• _WORK INSTRUCTION_: Send back the whole listing untouched.

════

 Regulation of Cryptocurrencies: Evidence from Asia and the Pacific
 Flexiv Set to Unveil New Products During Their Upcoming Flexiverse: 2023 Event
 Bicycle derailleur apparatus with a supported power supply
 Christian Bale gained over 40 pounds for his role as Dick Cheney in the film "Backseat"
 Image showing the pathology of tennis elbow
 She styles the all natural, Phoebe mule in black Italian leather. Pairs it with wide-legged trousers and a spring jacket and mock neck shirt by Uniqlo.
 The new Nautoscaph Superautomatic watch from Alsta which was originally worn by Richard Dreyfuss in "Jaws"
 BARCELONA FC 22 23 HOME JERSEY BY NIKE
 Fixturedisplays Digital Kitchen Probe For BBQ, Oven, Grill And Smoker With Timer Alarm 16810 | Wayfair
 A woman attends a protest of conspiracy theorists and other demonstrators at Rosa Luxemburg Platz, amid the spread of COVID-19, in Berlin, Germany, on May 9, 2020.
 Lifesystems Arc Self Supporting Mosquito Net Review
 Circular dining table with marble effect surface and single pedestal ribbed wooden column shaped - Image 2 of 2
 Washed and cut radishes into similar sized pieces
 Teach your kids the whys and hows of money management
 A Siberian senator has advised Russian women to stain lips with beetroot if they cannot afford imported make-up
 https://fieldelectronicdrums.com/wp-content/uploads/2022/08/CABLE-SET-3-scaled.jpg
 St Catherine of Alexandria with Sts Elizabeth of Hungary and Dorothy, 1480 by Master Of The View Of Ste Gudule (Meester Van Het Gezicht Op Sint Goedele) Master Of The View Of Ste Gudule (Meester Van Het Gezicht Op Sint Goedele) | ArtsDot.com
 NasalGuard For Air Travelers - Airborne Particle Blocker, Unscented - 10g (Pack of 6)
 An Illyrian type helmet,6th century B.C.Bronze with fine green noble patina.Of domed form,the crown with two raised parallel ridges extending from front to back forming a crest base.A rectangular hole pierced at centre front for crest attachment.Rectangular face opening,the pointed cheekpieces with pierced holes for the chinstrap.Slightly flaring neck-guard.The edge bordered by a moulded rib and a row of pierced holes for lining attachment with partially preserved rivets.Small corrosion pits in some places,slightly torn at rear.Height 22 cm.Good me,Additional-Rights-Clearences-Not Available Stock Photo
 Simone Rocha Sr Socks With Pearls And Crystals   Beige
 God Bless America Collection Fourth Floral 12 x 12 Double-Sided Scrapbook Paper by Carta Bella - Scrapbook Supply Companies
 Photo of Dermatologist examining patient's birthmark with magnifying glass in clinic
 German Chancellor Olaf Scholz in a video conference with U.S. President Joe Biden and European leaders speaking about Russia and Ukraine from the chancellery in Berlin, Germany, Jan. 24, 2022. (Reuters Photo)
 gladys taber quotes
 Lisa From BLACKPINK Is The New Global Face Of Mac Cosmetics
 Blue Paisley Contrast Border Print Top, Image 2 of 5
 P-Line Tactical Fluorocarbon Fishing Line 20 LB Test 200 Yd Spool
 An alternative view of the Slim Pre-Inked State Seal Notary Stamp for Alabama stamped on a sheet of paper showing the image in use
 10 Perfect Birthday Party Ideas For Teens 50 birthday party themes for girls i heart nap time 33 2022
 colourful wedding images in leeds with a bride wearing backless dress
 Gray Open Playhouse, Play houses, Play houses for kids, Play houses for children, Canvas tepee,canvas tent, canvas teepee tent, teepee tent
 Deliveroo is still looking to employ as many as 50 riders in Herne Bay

════

• _SOLUTION FOR THIS TASK_:
 Regulation of Cryptocurrencies: Evidence from Asia and the Pacific
 Flexiv Set to Unveil New Products During Their Upcoming Flexiverse: 2023 Event
 Bicycle derailleur apparatus with a supported power supply
 Christian Bale gained over 40 pounds for his role as Dick Cheney in the film "Backseat"
 Image showing the pathology of tennis elbow
 She styles the all natural, Phoebe mule in black Italian leather. Pairs it with wide-legged trousers and a spring jacket and mock neck shirt by Uniqlo.
 The new Nautoscaph Superautomatic watch from Alsta which was originally worn by Richard Dreyfuss in "Jaws"
 BARCELONA FC 22 23 HOME JERSEY BY NIKE
 Fixturedisplays Digital Kitchen Probe For BBQ, Oven, Grill And Smoker With Timer Alarm 16810 | Wayfair
 A woman attends a protest of conspiracy theorists and other demonstrators at Rosa Luxemburg Platz, amid the spread of COVID-19, in Berlin, Germany, on May 9, 2020.
 Lifesystems Arc Self Supporting Mosquito Net Review
 Circular dining table with marble effect surface and single pedestal ribbed wooden column shaped - Image 2 of 2
 Washed and cut radishes into similar sized pieces
 Teach your kids the whys and hows of money management
 A Siberian senator has advised Russian women to stain lips with beetroot if they cannot afford imported make-up
 https://fieldelectronicdrums.com/wp-content/uploads/2022/08/CABLE-SET-3-scaled.jpg
 St Catherine of Alexandria with Sts Elizabeth of Hungary and Dorothy, 1480 by Master Of The View Of Ste Gudule (Meester Van Het Gezicht Op Sint Goedele) Master Of The View Of Ste Gudule (Meester Van Het Gezicht Op Sint Goedele) | ArtsDot.com
 NasalGuard For Air Travelers - Airborne Particle Blocker, Unscented - 10g (Pack of 6)
 An Illyrian type helmet,6th century B.C.Bronze with fine green noble patina.Of domed form,the crown with two raised parallel ridges extending from front to back forming a crest base.A rectangular hole pierced at centre front for crest attachment.Rectangular face opening,the pointed cheekpieces with pierced holes for the chinstrap.Slightly flaring neck-guard.The edge bordered by a moulded rib and a row of pierced holes for lining attachment with partially preserved rivets.Small corrosion pits in some places,slightly torn at rear.Height 22 cm.Good me,Additional-Rights-Clearences-Not Available Stock Photo
 Simone Rocha Sr Socks With Pearls And Crystals   Beige
 God Bless America Collection Fourth Floral 12 x 12 Double-Sided Scrapbook Paper by Carta Bella - Scrapbook Supply Companies
 Photo of Dermatologist examining patient's birthmark with magnifying glass in clinic
 German Chancellor Olaf Scholz in a video conference with U.S. President Joe Biden and European leaders speaking about Russia and Ukraine from the chancellery in Berlin, Germany, Jan. 24, 2022. (Reuters Photo)
 gladys taber quotes
 Lisa From BLACKPINK Is The New Global Face Of Mac Cosmetics
 Blue Paisley Contrast Border Print Top, Image 2 of 5
 P-Line Tactical Fluorocarbon Fishing Line 20 LB Test 200 Yd Spool
 An alternative view of the Slim Pre-Inked State Seal Notary Stamp for Alabama stamped on a sheet of paper showing the image in use
 10 Perfect Birthday Party Ideas For Teens 50 birthday party themes for girls i heart nap time 33 2022
 colourful wedding images in leeds with a bride wearing backless dress
 Gray Open Playhouse, Play houses, Play houses for kids, Play houses for children, Canvas tepee,canvas tent, canvas teepee tent, teepee tent
 Deliveroo is still looking to employ as many as 50 riders in Herne Bay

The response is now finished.